5.Representations and Warranties of the Company. The Company hereby makes the following representations and warranties to the Holder:
a.Authorization; Enforcement. The Company has the requisite corporate power and authority to enter into and to consummate the transactions contemplated by this Agreement and each of the other agreements entered into by the parties hereto in connection with the transactions contemplated by this Agreement (collectively, the “Exchange Documents”) and otherwise to carry out its obligations hereunder and thereunder. The execution and delivery of this Agreement by the Company and the consummation by it of the transactions contemplated hereby and thereby have been duly authorized by all necessary action on the part of the Company and no further action is required by the Company, the Board of Directors of the Company or the Company’s stockholders in connection therewith, including, without limitation, the issuance of the Shares or Preferred Stock, as the case may be, and the reservation for issuance and issuance of Conversion Shares issuable upon conversion of the Preferred Stock have been duly authorized by the Company’s Board of Directors and no further filing, consent, or authorization is required by the Company, its Board of Directors or its stockholders. This Agreement and any Other Agreement (as defined herein) have been (or upon delivery will have been) duly executed by the Company and, when delivered in accordance with the terms hereof, will constitute the valid and binding obligation of the Company enforceable against the Company in accordance with its terms, except: (i) as limited by general equitable principles and applicable bankruptcy, insolvency, reorganization, moratorium and other laws of general application affecting enforcement of creditors’ rights generally, (ii) as limited by laws relating to the availability of specific performance, injunctive relief or other equitable remedies and (iii) insofar as indemnification and contribution provisions may be limited by applicable law.
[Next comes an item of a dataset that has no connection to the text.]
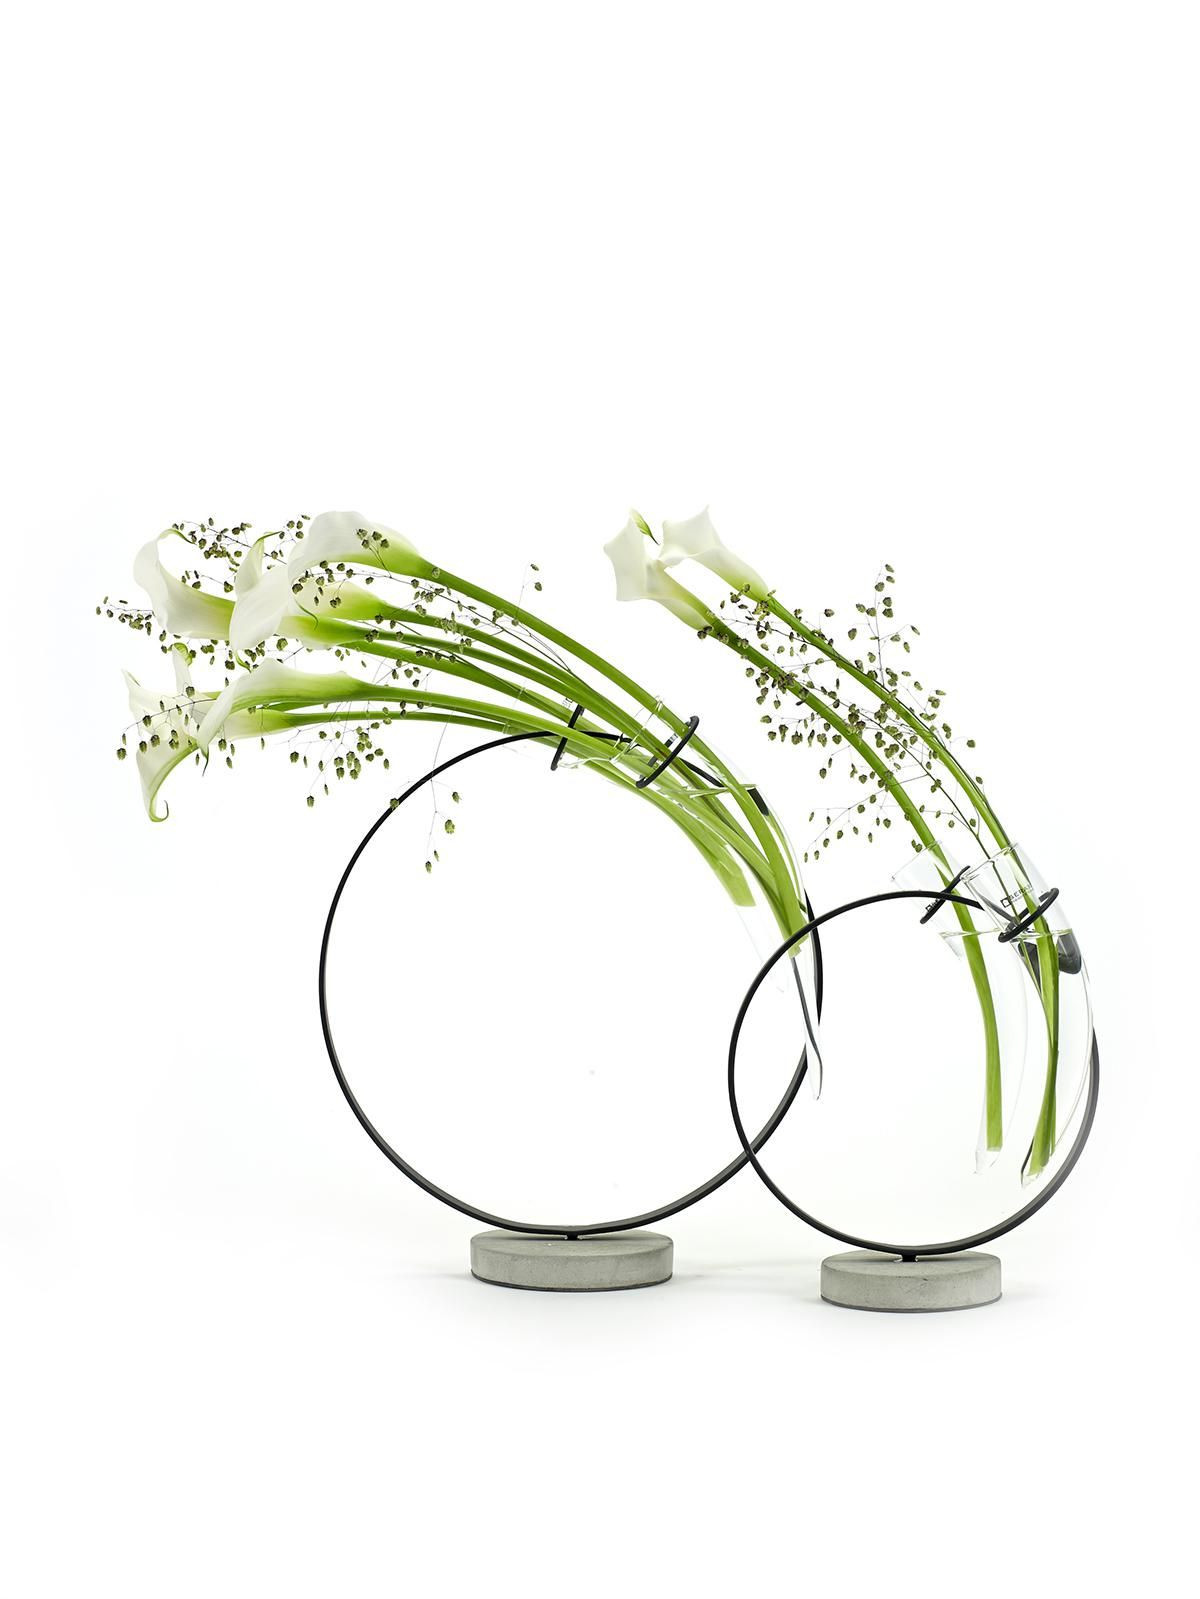 10 Stylish Flower Vase Stand Design 2024 free download flower vase stand design of b7215730hs4 flower power pinterest ikebana flower and flowers with plant stands ac2b7 art floral ac2b7 b7215730hs4
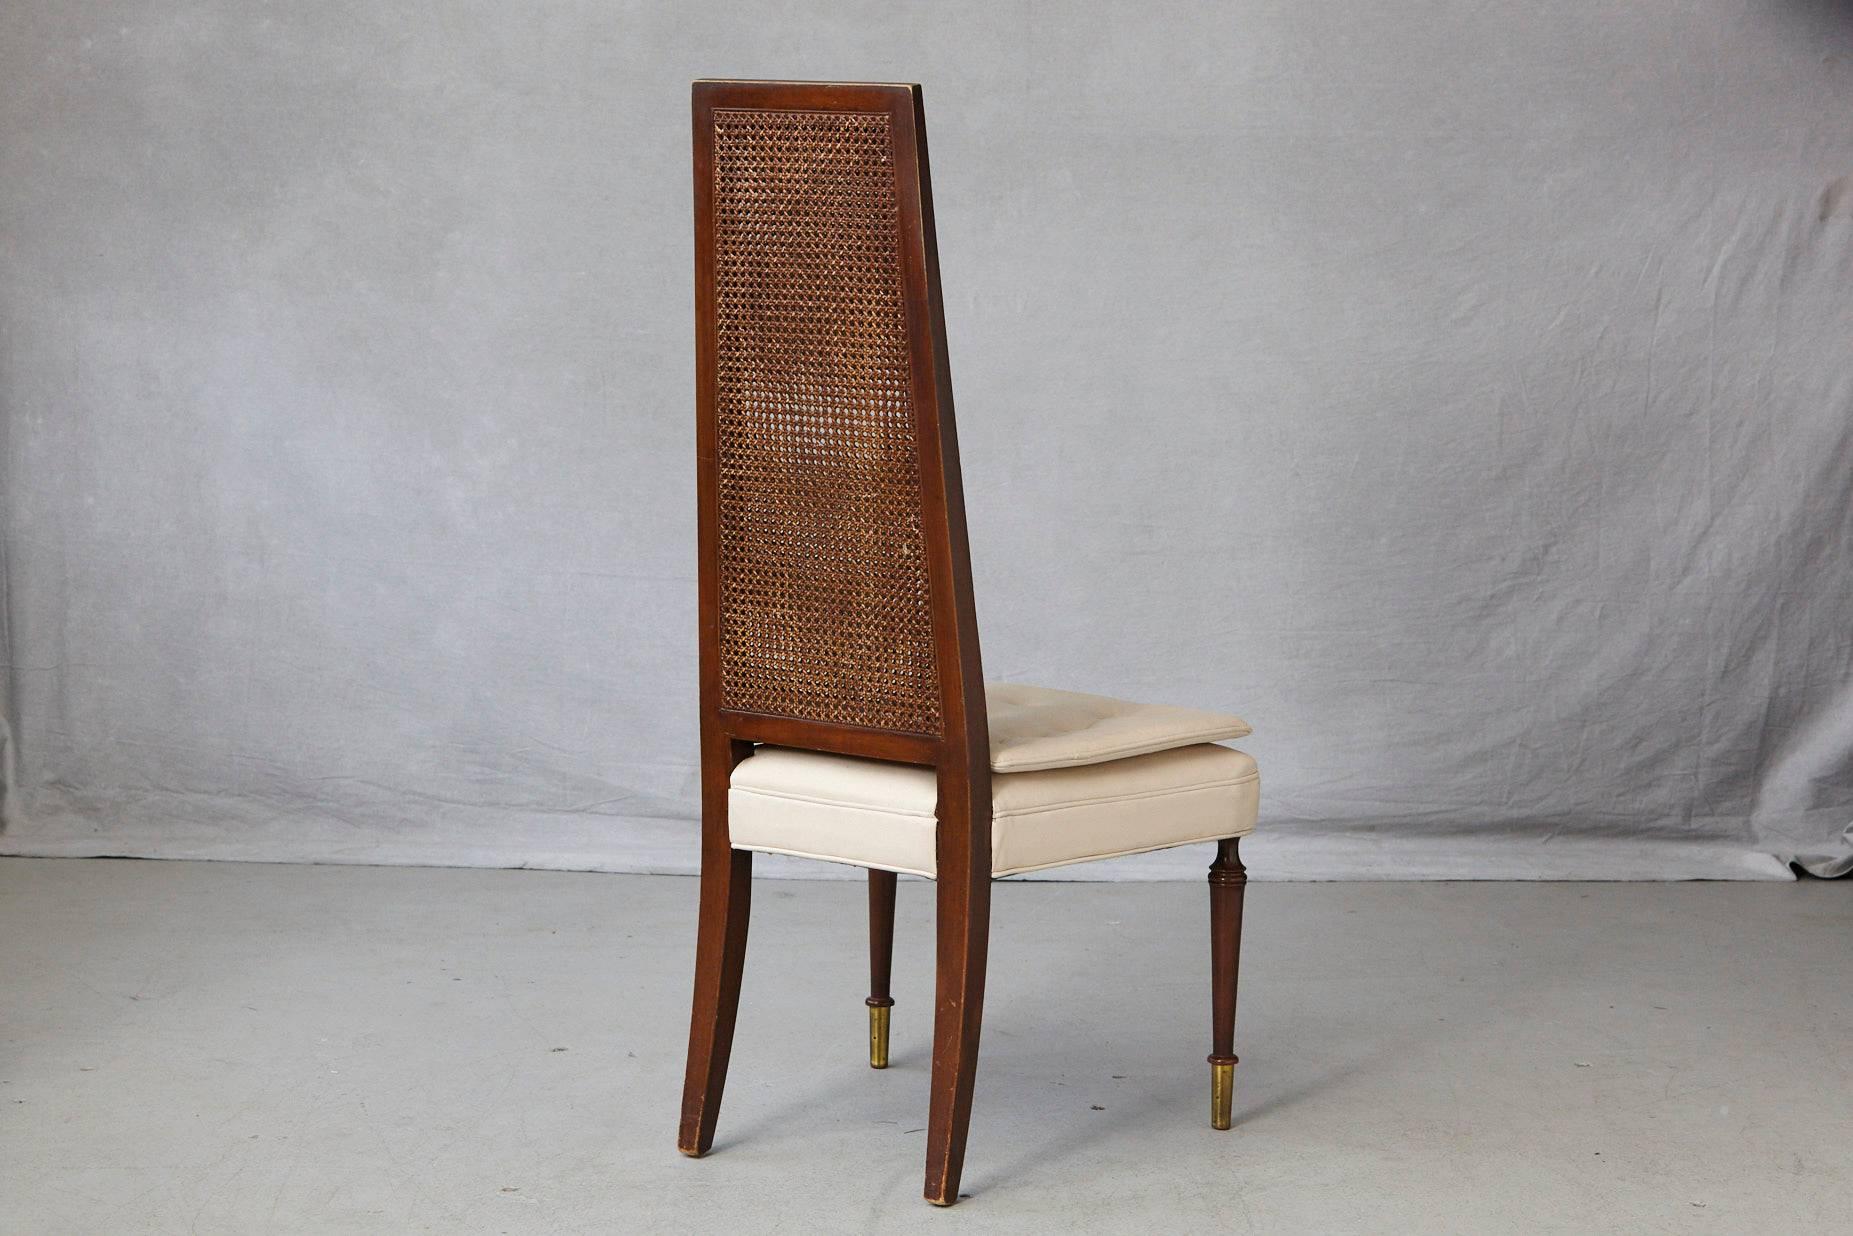 American High Back Desk Chair with Double-Sided Rattan Back and Beige Faux Leather Seat

b.Organization and Qualification. The Company and is duly organized and validly existing and in good standing under the laws of the jurisdiction in which it was formed, and have the requisite power and authorization to own its properties and to carry on its business as now being conducted and as presently proposed to be conducted.
c.No Conflict. The execution, delivery and performance of the Exchange Documents by the Company and the consummation by the Company of the transactions contemplated hereby and thereby (including, without limitation, the issuance of the Conversion Shares and the Preferred Stock and reservation for issuance and issuance of the Conversion Shares) will not (i) (i) result in a violation of the Company’s Articles of Incorporation or other organizational documents of the Company, any capital stock of the Company or Bylaws (as defined below) of the Company, (ii) conflict with, or constitute a default (or an event which with notice or lapse of time or both would become a default) under, or give to others any rights of termination, amendment, acceleration or cancellation of, any agreement, indenture or instrument to which the Company is a party, or (iii) result in a violation of any law, rule, regulation, order, judgment or decree applicable to the Company or by which any property or asset of the Company is bound or affected except, in the case of clause (ii) or (iii) above, to the extent such violations that could not reasonably be expected to have a Material Adverse Effect. As used in this Agreement, “Material Adverse Effect” means any material adverse effect on (i) the business, properties, assets, liabilities, operations (including results thereof), condition (financial or otherwise) or prospects of the Company or any subsidiary, individually or taken as a whole, (ii) the transactions contemplated hereby or in any of the other Exchange Documents or (iii) the authority or ability of the Company to perform any of its obligations under any of the Exchange Documents. There is no Person (as defined below) in which the Company, directly or indirectly, owns capital stock or holds an equity or similar interest except for its subsidiaries. “Person” means an individual, a limited liability company, a partnership, a joint venture, a corporation, a trust, an unincorporated organization, any other entity and any governmental entity or any department or agency thereof.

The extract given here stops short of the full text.